#### Exercise
When you reach the line with "Mike Marsh - St." in the listing below, write out that line and every one after it exactly, and skip the pictures.

#### Stored data
***

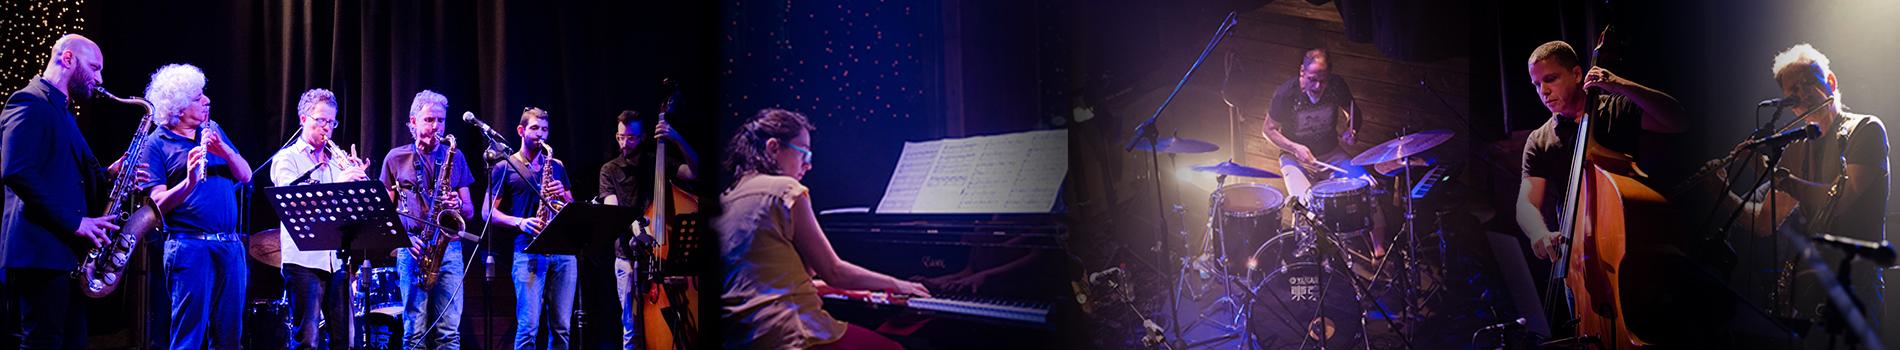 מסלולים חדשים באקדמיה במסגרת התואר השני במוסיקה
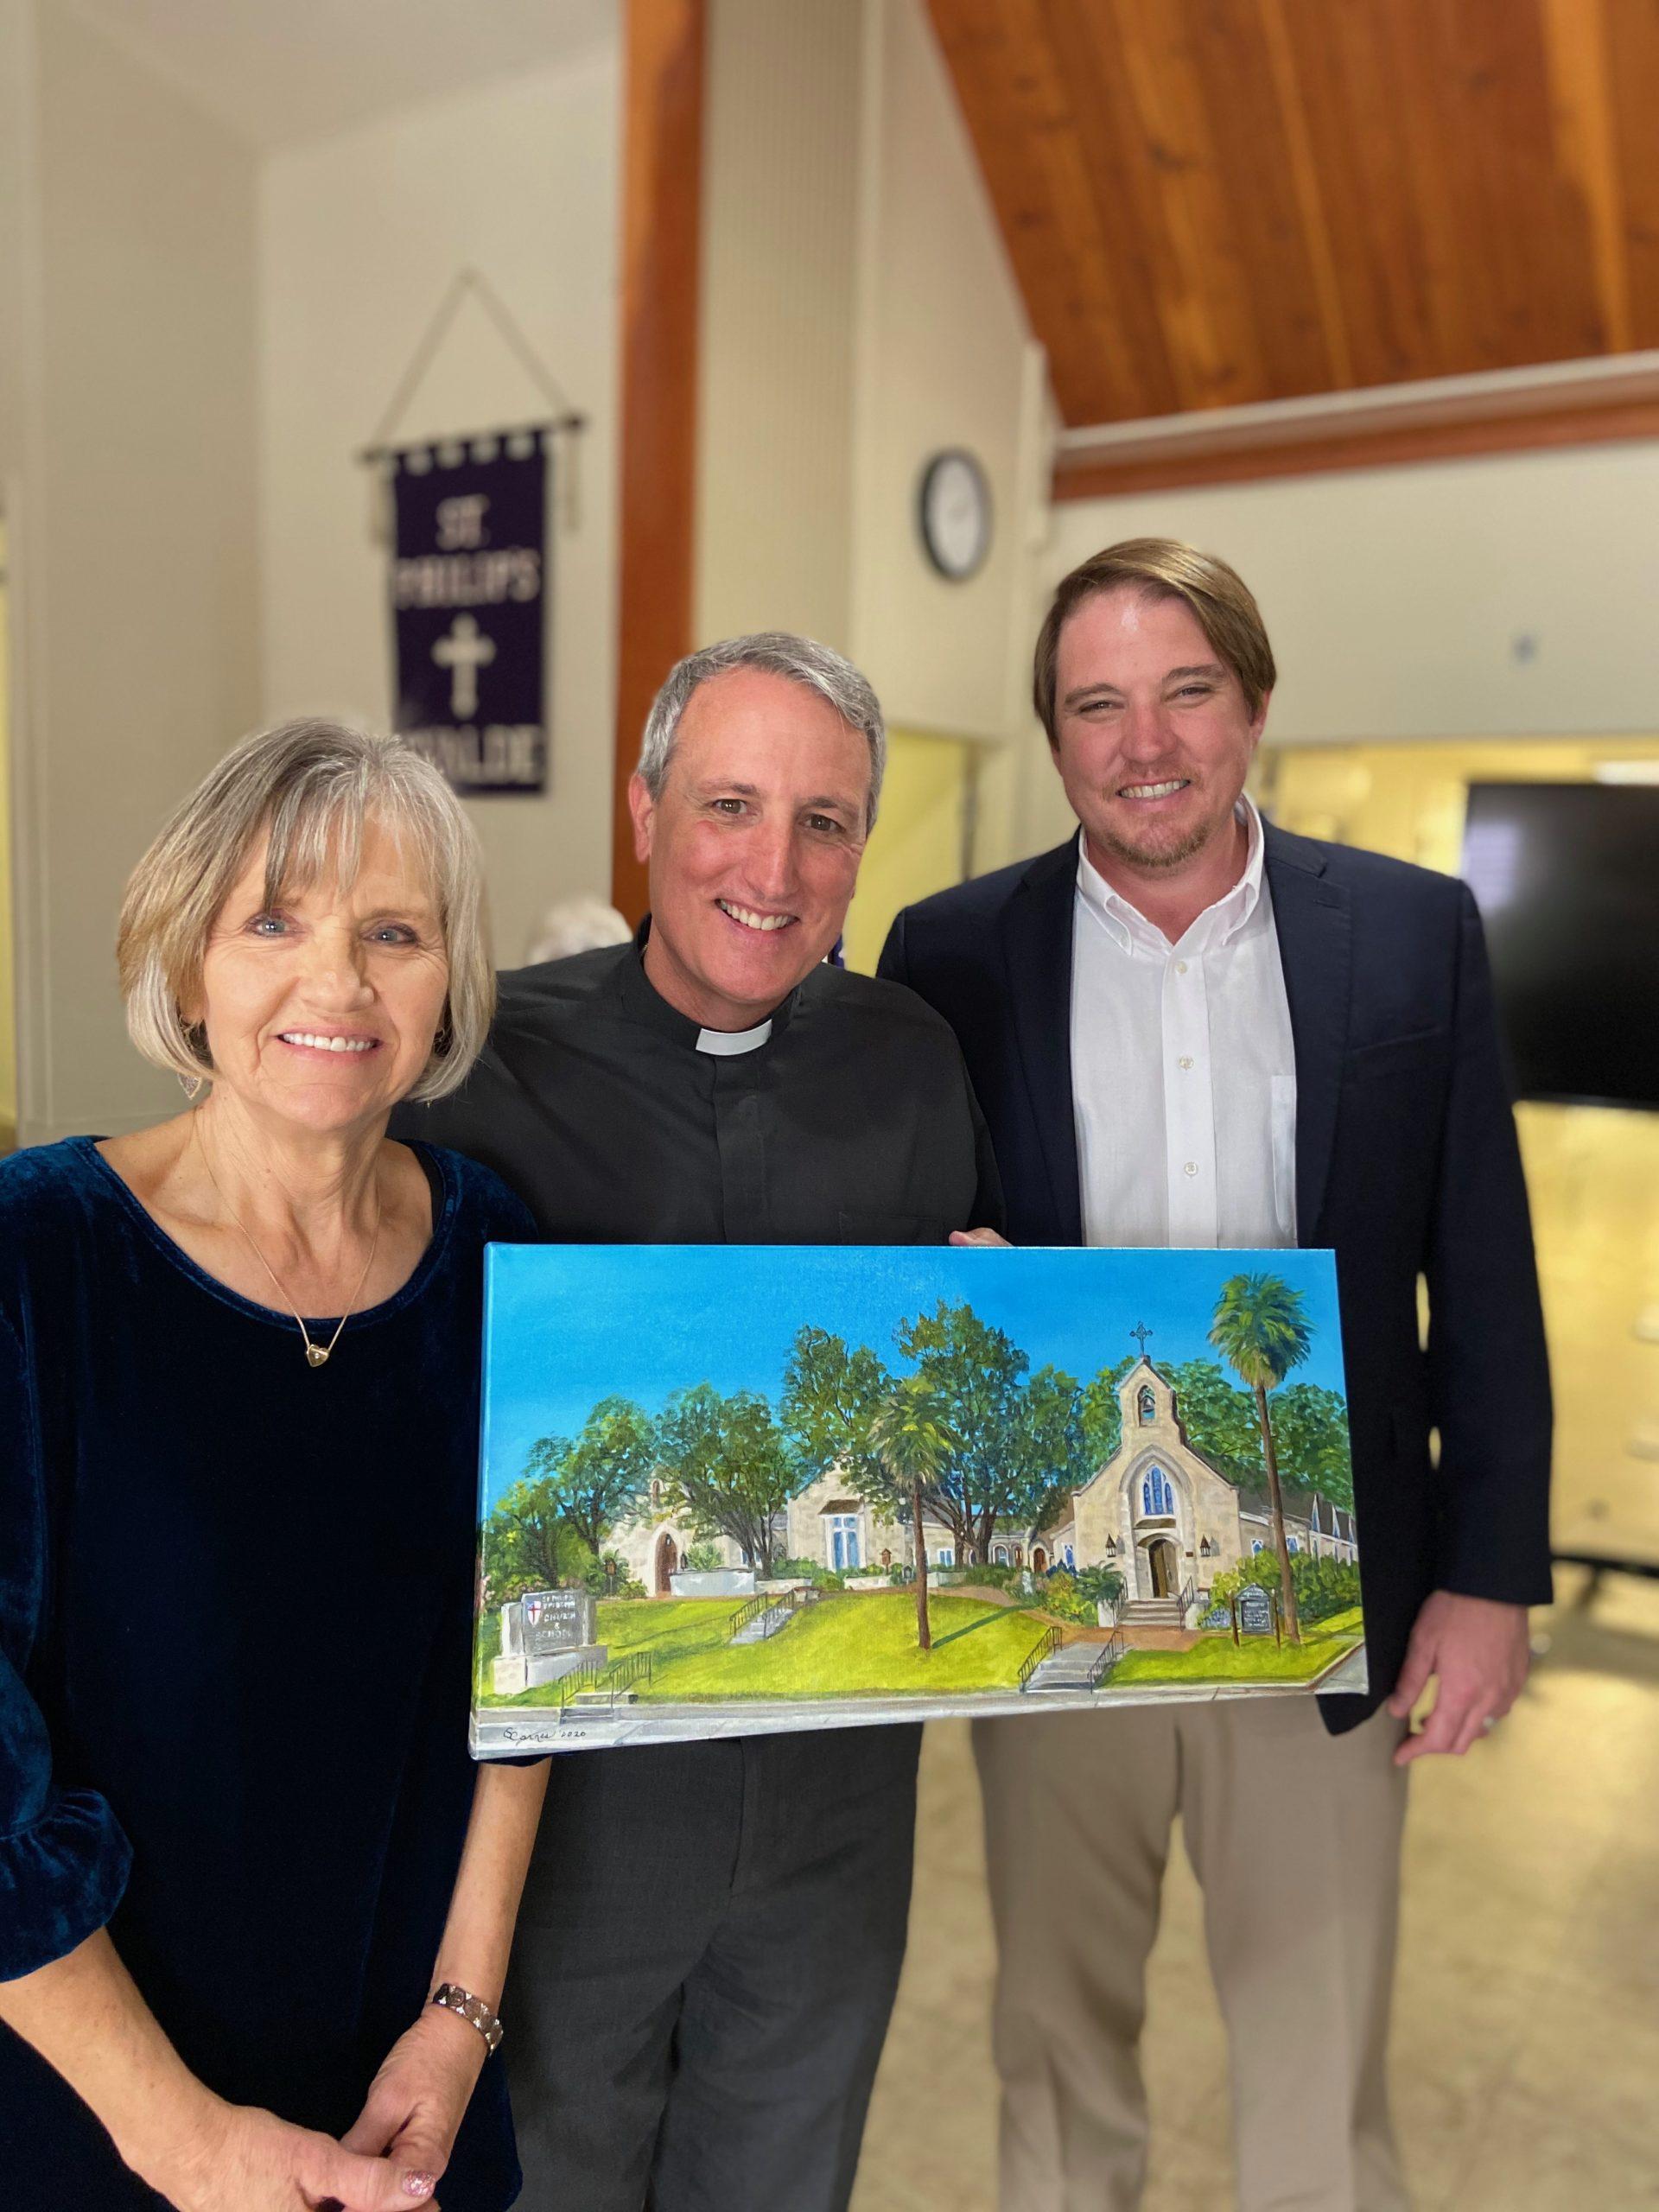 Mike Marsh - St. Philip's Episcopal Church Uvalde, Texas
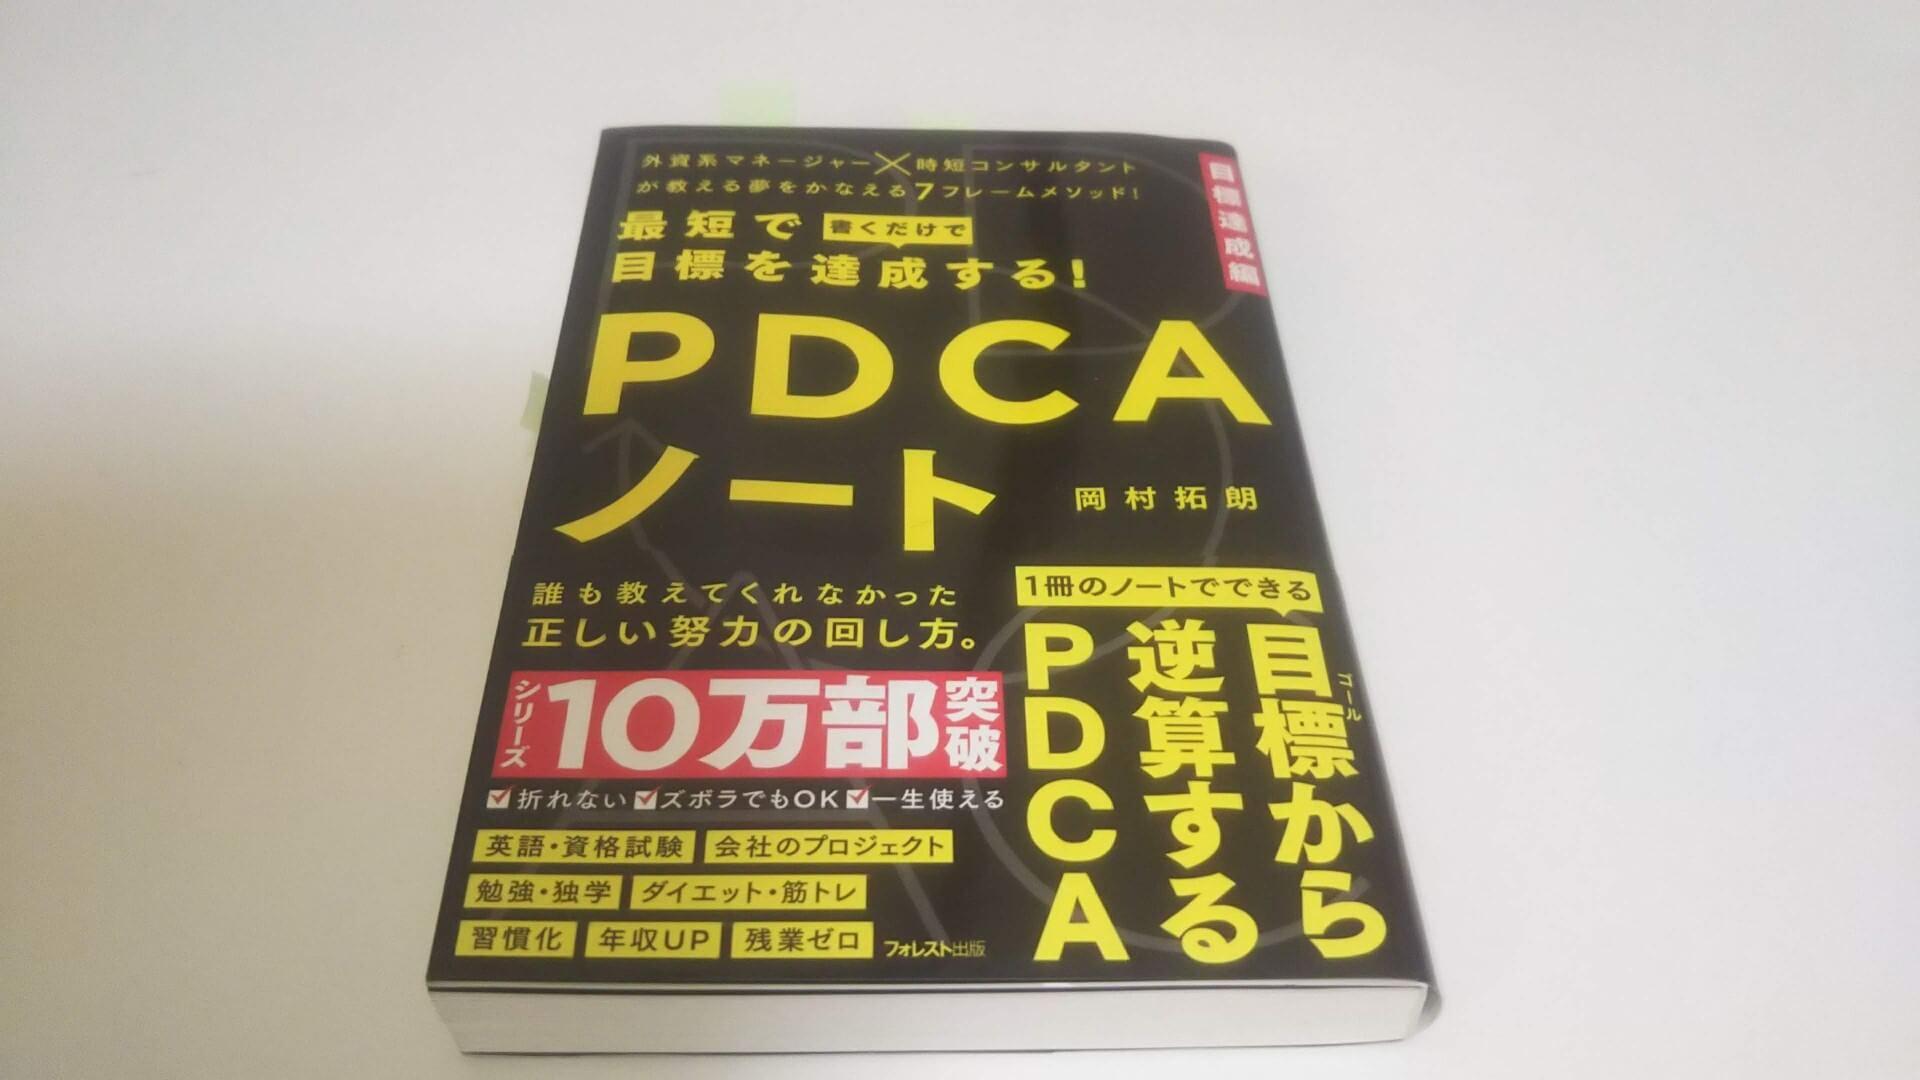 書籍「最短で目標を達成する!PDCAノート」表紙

***

#### Written answer
 Mike Marsh - St. Philip's Episcopal Church Uvalde, Texas
 書籍「最短で目標を達成する!PDCAノート」表紙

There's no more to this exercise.